When marketing and sales can get over their differences and align to work together, magical things happen. They can increase the revenue cycle while cutting the cost of doing business. Most companies spend 30-40% of their revenue on Sales and Marketing activities. This means that if both coordinate themselves, they can optimise not only the company activity and ROI, but also the spending.
The point is having an integrated engagement strategy, wherever and whenever your consumers interact with your company. Marketing and sales activities should be connected to consolidate an improved customer interaction, creating a great knowledge- based relationship with potential and existing customers.
Is essential for marketers to understand the buyer persona and establish a content strategy to communicate with them effectively. The digital environment and social media has created new opportunities to deliver great content through more channels and reach a bigger audience, attracting and nurturing qualified leads.
Here’s the tool the HubSpot marketing team uses to educate Sales on the process of where a lead is at buyer’s journey.
Generally, the potential customers they reach are not ready to buy – yet. Here’s when salespeople influence one buyer at a time when they are closer to the buying decision, acting fast and smart to smoothly drive them towards the end of the funnel. Congratulations teams, you just got a new customer.
Content marketing is the “X” factor
If there is something that both marketing and sales love, apart from a good coffee, is content.
Why? Because content creation what drives the whole customer relationship lifestyle cycle.

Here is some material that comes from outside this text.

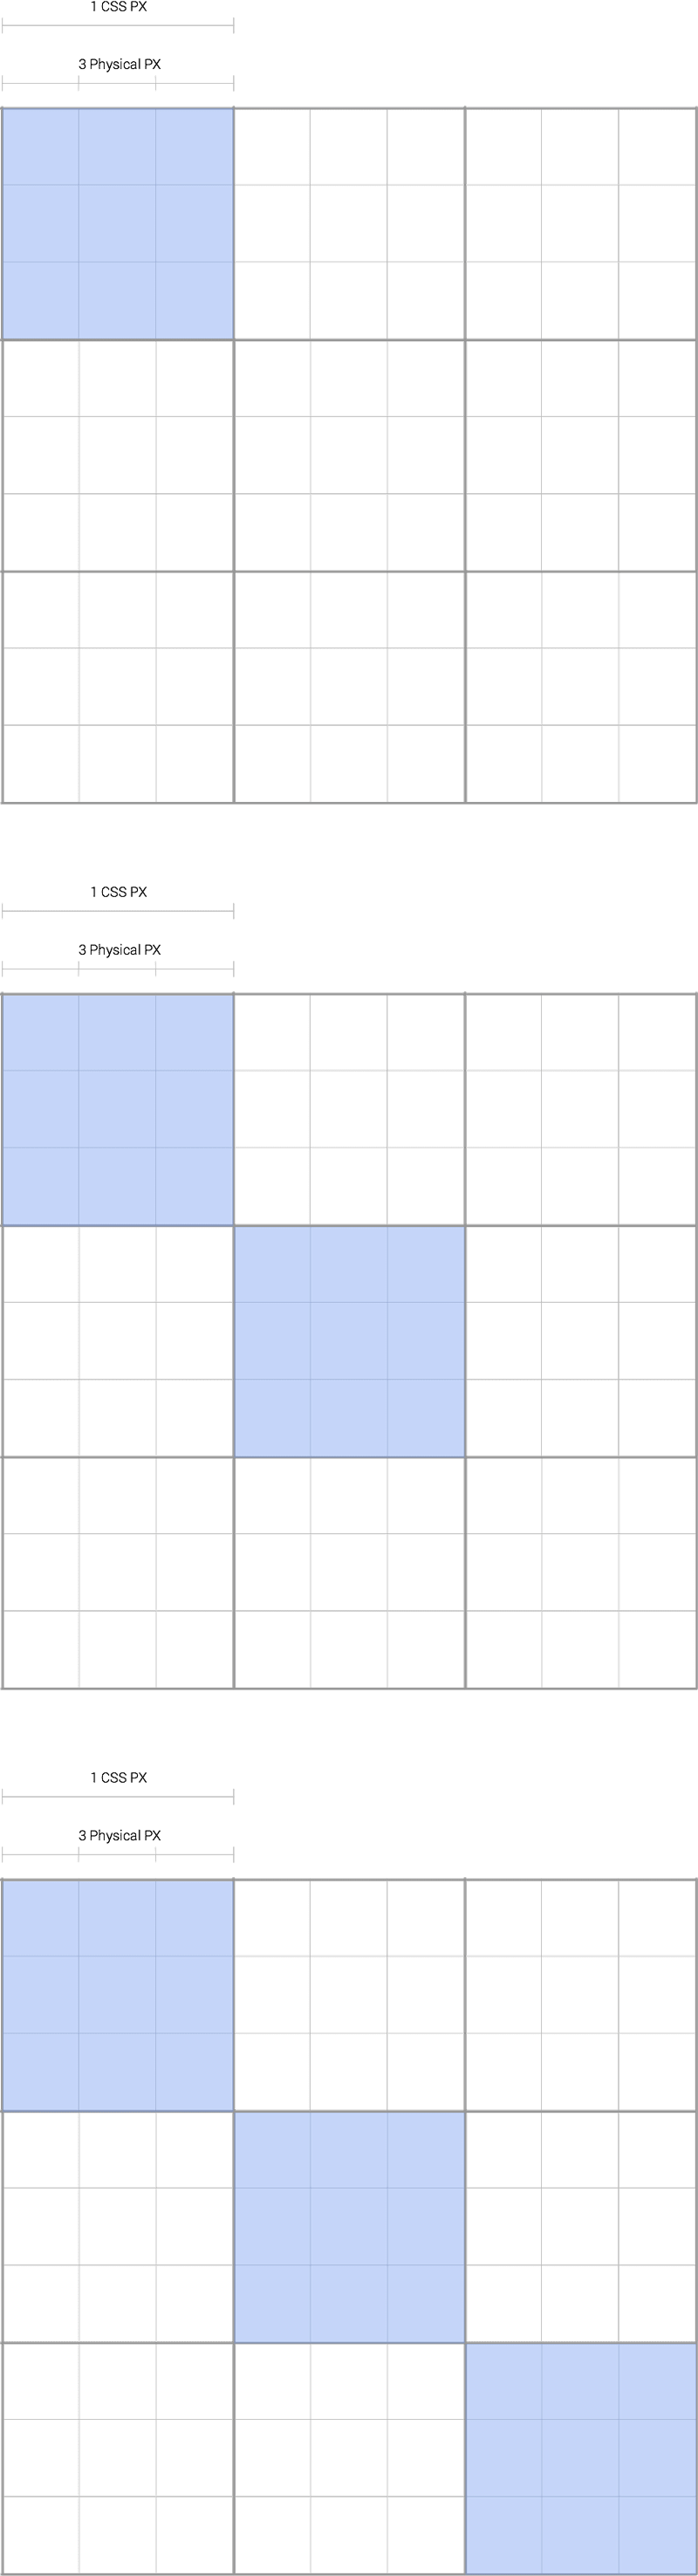 Precisione del pixel CSS durante il gesto.

Like we’ve said in our previous posts, In B2B prospects complete 77% of their buying decision before contacting a salesperson. This creates important boundaries to the job of the salespeople. Content marketing is the way the sales team can reach the potential customer and influence their buying decision. But this content can’t be created and delivered without the help of the marketing team. Now is the time to hold hands with your buddy.
Both teams should gather and share case studies, customer insights and social media support. This will help to create effective content, and represents an opportunity for sales to help to drive the message.
Marketing Automation, The Integration Tool
Automation is the key word. Technologies like SalesForce and Hubspot have automated both sales and marketing, allowing them to effectively measure ROI. A CRM integration with the automated marketing technology can give both teams real-time feedback to identify gaps in the automated sales process.
When sales identify good prospects in sales automation, marketers can pick them up through marketing automation and market specific and relevant content. When the sales team finds lost opportunities - for example, an unqualified lead is passed to sales automatically- sales will pull a CRM report to marketing, and they will generate new content to become more accurate and fill the gap in the sales process.
Properly done, marketing automation will allow you to make investment decisions based on ROI, reflecting sales’ return on marketing’s investments. Remember that marketing and sales automation is only as good as the information you put into it.
If marketing and sales work together around a single revenue cycle, they will dramatically improve marketing ROI, sales productivity and, most importantly, top-line growth. Teamwork makes the dream work!